This research has developed a framework for the fatigue assessment of steel highway bridges based on simulated truck loading. The proposed methodology is implemented on a steel highway girder bridge on interstate 270 (I-270) over Middlebrook Road in Germantown, Maryland. With the help of the available long-term monitoring traffic data, truck loading was also obtained through the probability-based model. Then, the three-dimensional finite element (FE) global bridge models were studied subjected to the simulated truck loading. Meanwhile, the preliminary field test and the long-term monitoring test were also conducted. The FE models were calibrated with the collected field measurements through monitoring systems, and the simulated numerical structural responses were validated. Lastly, this model has been used for identifying the cause of fatigue cracks reported in the biennial bridge inspection. Thus, the proposed methodology could be used to realistically simulate the fatigue behavior of steel highway bridges under current or future truck loading, to direct the experimental designs and instrumentation plans before performing experiments on laboratory or on site, and to better understand the fatigue mechanism and prevent the fatigue damage of steel highway bridges.

2. Fatigue cracks and bridge testing

2.1. Bridge introduction

The I-270 Bridge over Middlebrook road (MD Bridge No.15042) is a simple-span composite steel I-girder bridge with a span length of 140 ft. This bridge is comprised of two structures for the northbound (NB) and southbound (SB) roadways respectively, separated at the centerline. It carries three traffic lanes in the southbound and four traffic lanes in the northbound with equal lane widths of 12′-0″.

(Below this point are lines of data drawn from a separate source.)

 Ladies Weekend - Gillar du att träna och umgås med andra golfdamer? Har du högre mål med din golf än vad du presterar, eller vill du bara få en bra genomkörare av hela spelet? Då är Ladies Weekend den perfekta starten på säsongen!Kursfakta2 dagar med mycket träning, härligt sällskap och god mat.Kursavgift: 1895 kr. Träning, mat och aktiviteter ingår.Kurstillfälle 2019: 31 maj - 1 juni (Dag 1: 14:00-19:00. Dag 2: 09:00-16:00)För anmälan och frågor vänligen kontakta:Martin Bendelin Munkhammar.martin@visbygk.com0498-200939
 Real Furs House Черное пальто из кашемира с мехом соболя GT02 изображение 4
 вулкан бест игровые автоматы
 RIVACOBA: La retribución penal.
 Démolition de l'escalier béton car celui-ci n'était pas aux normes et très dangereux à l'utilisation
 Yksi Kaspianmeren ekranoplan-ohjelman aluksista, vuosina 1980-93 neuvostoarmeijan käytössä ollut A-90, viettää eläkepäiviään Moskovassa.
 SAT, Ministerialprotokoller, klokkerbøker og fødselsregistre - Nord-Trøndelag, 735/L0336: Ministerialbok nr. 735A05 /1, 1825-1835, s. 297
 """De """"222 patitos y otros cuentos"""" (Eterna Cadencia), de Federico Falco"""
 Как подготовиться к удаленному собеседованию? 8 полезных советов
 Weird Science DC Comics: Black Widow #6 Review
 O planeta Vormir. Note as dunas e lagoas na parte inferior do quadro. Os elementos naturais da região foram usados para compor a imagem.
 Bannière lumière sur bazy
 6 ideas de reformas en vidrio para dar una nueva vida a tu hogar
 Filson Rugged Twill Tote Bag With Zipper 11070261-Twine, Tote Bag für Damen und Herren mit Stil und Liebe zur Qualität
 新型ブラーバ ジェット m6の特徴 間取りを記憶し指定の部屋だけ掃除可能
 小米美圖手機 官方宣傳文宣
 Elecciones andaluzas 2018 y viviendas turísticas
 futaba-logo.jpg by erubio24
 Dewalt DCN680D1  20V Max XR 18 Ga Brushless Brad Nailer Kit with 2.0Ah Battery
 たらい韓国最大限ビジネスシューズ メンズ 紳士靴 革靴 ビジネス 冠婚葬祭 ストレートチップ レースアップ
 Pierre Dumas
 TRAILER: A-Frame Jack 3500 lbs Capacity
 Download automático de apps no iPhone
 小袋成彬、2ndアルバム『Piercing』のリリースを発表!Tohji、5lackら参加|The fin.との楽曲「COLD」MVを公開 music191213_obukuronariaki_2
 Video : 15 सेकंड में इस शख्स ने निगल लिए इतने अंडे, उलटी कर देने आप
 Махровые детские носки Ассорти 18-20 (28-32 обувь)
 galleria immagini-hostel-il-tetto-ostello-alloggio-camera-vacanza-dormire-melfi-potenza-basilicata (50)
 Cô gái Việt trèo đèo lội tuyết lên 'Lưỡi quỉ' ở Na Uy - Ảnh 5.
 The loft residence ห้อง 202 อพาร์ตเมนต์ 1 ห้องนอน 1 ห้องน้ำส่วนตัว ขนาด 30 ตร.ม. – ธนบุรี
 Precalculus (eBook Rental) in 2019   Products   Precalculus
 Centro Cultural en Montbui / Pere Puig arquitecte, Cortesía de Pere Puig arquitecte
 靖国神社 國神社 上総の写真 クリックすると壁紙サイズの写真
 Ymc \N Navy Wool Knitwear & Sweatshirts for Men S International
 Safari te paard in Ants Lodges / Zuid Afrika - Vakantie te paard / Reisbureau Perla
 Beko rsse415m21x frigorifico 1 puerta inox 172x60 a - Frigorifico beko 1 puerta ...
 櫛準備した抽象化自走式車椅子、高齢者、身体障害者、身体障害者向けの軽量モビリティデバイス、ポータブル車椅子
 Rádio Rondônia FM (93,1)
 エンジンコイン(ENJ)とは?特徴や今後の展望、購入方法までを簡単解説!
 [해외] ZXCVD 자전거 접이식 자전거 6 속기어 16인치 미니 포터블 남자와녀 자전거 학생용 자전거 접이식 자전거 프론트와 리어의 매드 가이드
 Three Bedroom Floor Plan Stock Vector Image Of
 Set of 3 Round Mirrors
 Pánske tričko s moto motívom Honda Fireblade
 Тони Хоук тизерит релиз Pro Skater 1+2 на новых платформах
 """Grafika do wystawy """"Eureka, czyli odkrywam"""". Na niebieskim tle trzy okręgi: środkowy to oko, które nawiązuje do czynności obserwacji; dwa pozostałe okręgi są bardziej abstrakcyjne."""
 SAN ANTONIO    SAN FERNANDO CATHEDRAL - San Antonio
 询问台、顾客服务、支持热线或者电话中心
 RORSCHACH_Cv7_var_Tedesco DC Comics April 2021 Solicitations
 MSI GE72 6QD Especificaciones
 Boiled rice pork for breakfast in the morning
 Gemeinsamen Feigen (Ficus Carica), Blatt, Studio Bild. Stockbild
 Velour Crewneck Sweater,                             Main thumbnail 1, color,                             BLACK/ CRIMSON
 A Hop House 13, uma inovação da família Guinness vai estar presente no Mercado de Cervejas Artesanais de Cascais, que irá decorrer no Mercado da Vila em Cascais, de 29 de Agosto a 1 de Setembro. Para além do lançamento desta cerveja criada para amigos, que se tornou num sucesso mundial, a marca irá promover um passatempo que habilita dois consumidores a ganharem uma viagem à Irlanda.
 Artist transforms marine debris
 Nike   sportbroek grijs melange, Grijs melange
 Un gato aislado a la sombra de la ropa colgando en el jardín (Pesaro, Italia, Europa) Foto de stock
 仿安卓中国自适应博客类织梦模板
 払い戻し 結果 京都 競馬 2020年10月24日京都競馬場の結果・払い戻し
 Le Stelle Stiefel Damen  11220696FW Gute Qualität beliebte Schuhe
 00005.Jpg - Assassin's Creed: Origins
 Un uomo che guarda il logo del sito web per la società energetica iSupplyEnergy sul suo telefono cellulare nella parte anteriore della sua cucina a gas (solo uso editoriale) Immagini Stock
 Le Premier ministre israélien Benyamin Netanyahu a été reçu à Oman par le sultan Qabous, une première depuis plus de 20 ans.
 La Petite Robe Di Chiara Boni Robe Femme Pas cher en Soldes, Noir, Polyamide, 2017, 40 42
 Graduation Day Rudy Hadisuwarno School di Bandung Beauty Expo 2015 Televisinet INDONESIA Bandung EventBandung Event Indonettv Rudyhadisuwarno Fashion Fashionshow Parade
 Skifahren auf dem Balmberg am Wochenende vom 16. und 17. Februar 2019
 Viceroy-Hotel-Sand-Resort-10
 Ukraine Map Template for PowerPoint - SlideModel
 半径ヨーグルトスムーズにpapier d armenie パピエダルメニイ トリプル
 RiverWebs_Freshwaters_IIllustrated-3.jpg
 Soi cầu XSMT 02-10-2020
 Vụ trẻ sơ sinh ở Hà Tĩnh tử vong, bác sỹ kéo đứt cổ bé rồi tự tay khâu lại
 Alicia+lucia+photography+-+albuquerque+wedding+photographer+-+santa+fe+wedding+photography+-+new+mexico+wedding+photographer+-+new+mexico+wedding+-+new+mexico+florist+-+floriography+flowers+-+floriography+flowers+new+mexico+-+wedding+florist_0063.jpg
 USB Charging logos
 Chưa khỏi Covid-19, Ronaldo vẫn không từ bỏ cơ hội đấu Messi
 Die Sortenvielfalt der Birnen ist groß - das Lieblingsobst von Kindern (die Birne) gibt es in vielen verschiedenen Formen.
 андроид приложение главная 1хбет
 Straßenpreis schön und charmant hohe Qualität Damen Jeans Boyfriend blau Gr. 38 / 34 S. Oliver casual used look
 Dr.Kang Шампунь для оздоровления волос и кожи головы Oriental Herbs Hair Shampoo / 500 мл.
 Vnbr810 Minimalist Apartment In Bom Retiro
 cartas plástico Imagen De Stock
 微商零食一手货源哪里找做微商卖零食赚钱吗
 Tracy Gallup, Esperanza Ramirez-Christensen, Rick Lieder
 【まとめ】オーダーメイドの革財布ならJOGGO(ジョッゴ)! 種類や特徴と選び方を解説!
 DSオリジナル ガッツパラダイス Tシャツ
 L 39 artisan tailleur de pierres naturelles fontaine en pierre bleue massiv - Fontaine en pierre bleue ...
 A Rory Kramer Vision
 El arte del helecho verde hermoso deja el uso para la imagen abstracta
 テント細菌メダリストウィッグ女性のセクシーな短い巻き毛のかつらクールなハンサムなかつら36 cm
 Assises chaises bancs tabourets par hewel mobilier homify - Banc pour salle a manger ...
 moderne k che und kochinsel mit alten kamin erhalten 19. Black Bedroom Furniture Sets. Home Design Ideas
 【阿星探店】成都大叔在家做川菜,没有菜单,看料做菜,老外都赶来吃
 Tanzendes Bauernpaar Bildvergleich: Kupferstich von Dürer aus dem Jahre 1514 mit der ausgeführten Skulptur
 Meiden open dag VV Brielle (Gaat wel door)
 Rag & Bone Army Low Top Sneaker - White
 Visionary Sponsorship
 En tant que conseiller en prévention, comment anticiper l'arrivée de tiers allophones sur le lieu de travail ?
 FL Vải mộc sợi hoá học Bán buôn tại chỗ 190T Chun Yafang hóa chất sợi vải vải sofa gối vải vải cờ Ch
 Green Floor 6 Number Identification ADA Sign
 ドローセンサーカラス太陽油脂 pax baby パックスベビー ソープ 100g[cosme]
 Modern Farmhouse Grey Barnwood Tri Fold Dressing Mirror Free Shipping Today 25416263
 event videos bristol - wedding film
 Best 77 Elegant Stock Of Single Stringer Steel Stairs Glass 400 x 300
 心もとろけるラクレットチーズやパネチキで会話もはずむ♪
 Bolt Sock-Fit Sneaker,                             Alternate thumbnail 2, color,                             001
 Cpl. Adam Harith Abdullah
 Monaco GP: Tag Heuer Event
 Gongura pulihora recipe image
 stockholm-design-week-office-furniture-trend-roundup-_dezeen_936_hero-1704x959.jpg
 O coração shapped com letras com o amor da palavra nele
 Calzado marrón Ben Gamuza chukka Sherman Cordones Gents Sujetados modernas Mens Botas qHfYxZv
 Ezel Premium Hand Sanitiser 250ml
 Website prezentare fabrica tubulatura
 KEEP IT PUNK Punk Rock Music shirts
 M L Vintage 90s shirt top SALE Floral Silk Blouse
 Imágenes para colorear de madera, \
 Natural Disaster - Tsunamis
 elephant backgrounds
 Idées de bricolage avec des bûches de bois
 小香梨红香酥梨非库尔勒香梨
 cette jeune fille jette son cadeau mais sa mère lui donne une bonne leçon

The southbound superstructure provides a curb-to-curb roadway width of 61′-2″ and consists of eight identical welded steel plate girders with a composite reinforced concrete deck constructed with shear connectors. The eight girders are equally spaced at 7′-11″ and each girder has a constant web depth of 60″ throughout the entire bridge. The northbound superstructure provides a curb-to-curb roadway width of 73′-1″ and consists of nine identical welded steel plate girders with a composite reinforced concrete deck constructed with shear connector. The nine girders are equally spaced at 8′-5″ and each girder has a constant web depth of 60″ throughout the entire bridge. This bridge has a 76 degree parallel skew of its bearing lines (or 14 degree measured from normal). The cross-frames are inverted K-type braces with bottom chords only. All of them are parallel to the bearing lines. Girders of the southbound superstructure are numbered as G1 through G8 from the exterior to the centerline of the bridge. The cross section is depicted in Figure 1.

Figure 1.

Cross section with lane positions.

Designed in 1988, the I-270 Bridge over Middlebrook Road has been in-service for over 20 years. In addition to the deterioration caused by environmental factors, the bridge structure has also been subjected to increasing traffic volume and weight. Four fatigue cracks as marked on Figure 2 were reported in the June 2011 Bridge Inspection Report, and all in the welded connection between the lower end of the cross frame (Figure 3) connection plate and the girder bottom flange of the southbound superstructure. Figure 4(a) shows one of the four crack locations at G3B2D3 (Girder 3 Bay 2 Diaphragm 3). Therefore, only the southbound superstructure will be discussed in the following sections. Most bridge components with fatigue cracks are repaired or replaced shortly after the crack is found in an inspection. However, since the crack on the I-270 Bridge was identified on a secondary bridge member, and delaying repair would not jeopardize the safety of drivers, this crack was selected for research purposes and long-term monitoring.

Figure 2.

Crack locations and sensor placements on the framing plan.

Figure 3.

Cross frame detail.

Figure 4.

Crack locations and sensor placements: (a) details at G3B2D3 and (b) details at G3B3D3.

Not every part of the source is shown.